I had grown up with Bob Hope. When I was a child growing up in the hills of North Alabama in the early forties, I was an avid reader of Bob Hope comic books. On late night TV, I had watched most of the movies he had made with Bing Crosby and others, and in 1976, when I was working in the Enquirer’s Washington, D.C. office, I met him for the first time.
I was sitting in the Insider office in the National Press Building one afternoon when a man popped his head in the door.
“Bob Hope is down in the press room if anybody wants to interview him,” he said.
I knew I had to meet the great man.
For almost an hour, several other reporters and I posed questions about his personal life and his career, but all we got back were snappy wisecracks designed to produce belly laughs rather than copy. Later, when I worked in Hollywood, I would occasionally see him in Palm Springs at his famous golf tournament or at local restaurants.
Here was a man who, in my opinion, had conquered every frontier of show business.

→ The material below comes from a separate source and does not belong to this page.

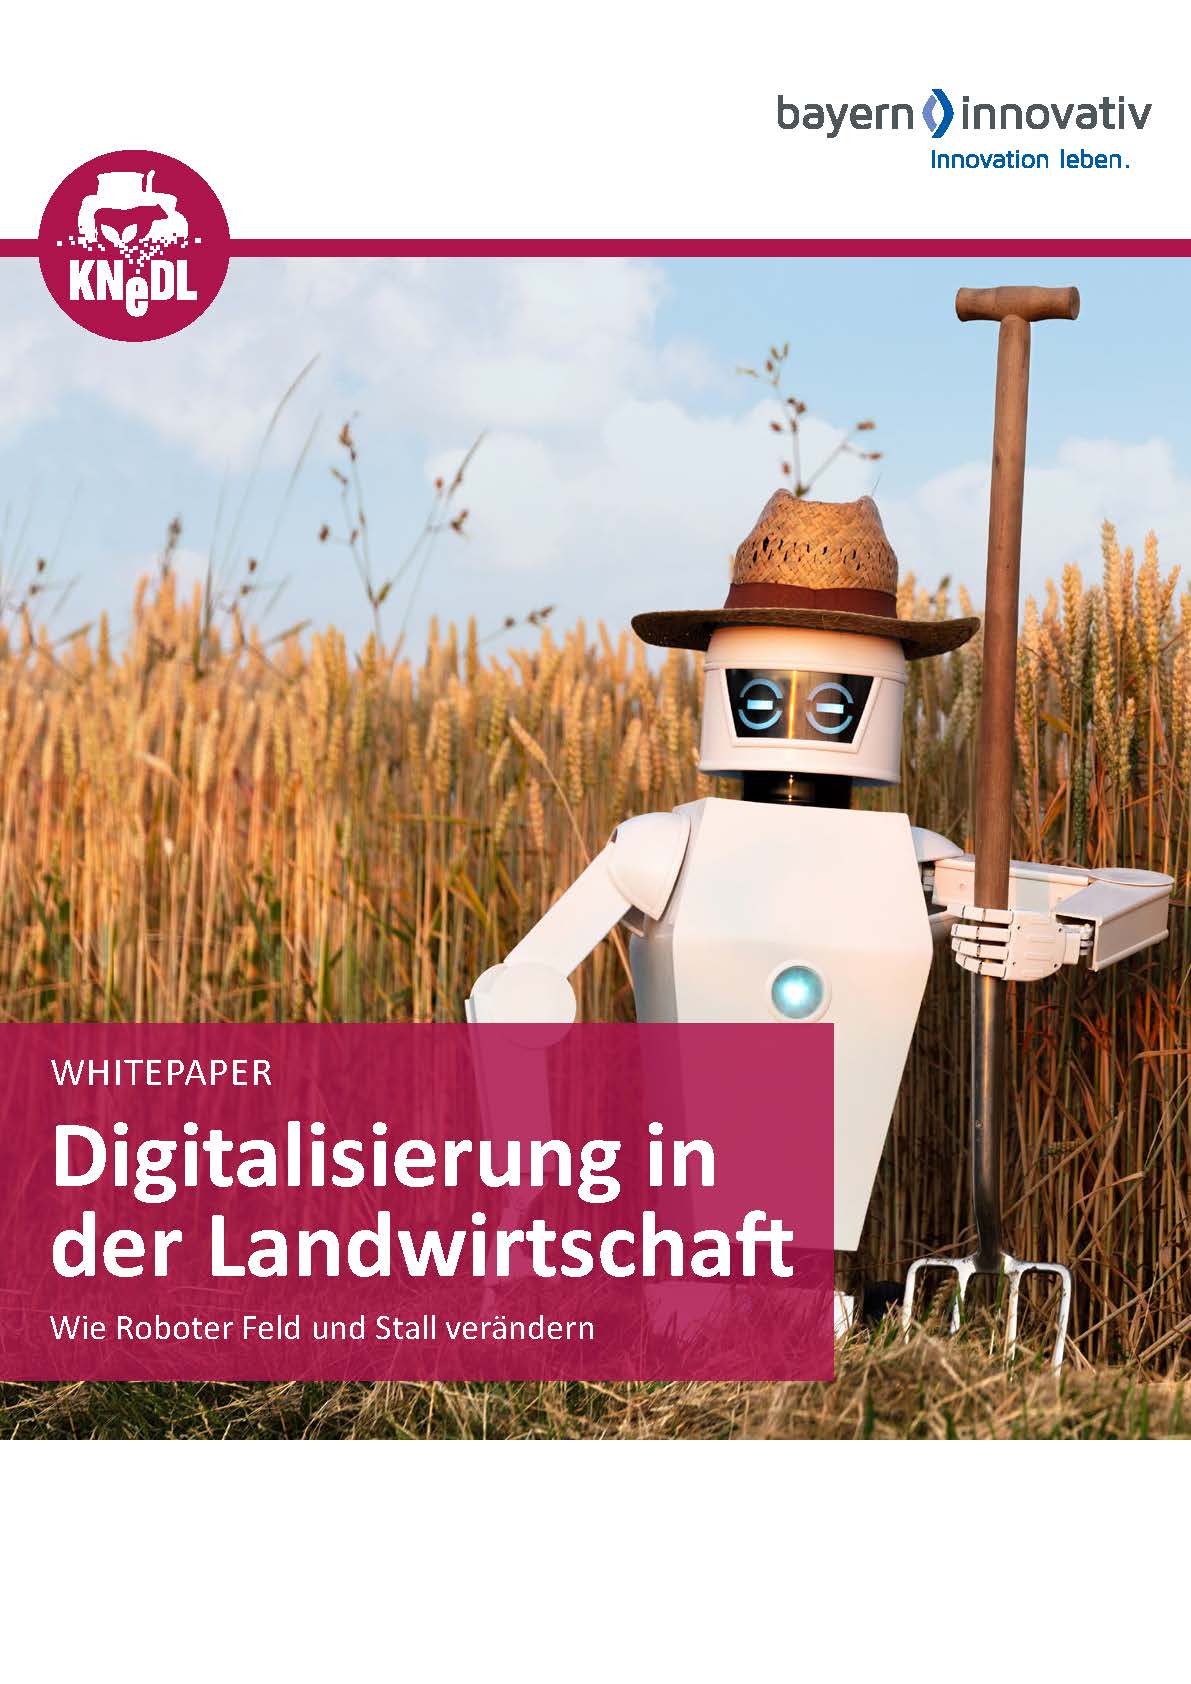 Whitepaper: Digitalisierung in der Landwirtschaft

Radio, television, vaudeville, stage, movies, singing, dancing, standup comedy, and his legendary Christmas Tours for serviceman overseas. He was truly “Mr. Show Business,” entertaining Americans for generations. From alpha to omega, this man had not only bedazzled the world, but he had done so in spades.

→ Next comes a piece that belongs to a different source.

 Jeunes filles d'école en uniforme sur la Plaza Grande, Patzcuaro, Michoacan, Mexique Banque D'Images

In the early fall of 1994, I was on assignment in Palm Springs when I stopped by a Long’s Drugstore to buy some toothpaste. As I started in, I saw a man walking toward me, his arm locked in the arm of another much older man to keep him erect. The older man was unshaven, wearing a baseball cap, and appeared to be slightly palsied. As I approached the pair, I could see that the older man was Bob Hope.
For a moment, I stared at the two men moving hop-step across the parking lot, the halting steps of the older man following stride-by-stride of the younger man. As I watched, I felt deep sadness. Great God! I thought. Is this all that life is worth? Here was a man who had bedazzled the entire world and now he required another human being to assist him in remaining erect. Is that all life was worth?
Somehow, I suddenly had a deep understanding that no matter who you are or what you have accomplished in life, this was your ultimate end. I remember thinking, there’s no justice or mercy or goodness on this earth, only despair and nothingness in the end. As always, at times like these, I felt that if I had been more of a religious man, such moments wouldn’t have overtaken me with such a pervasive sadness.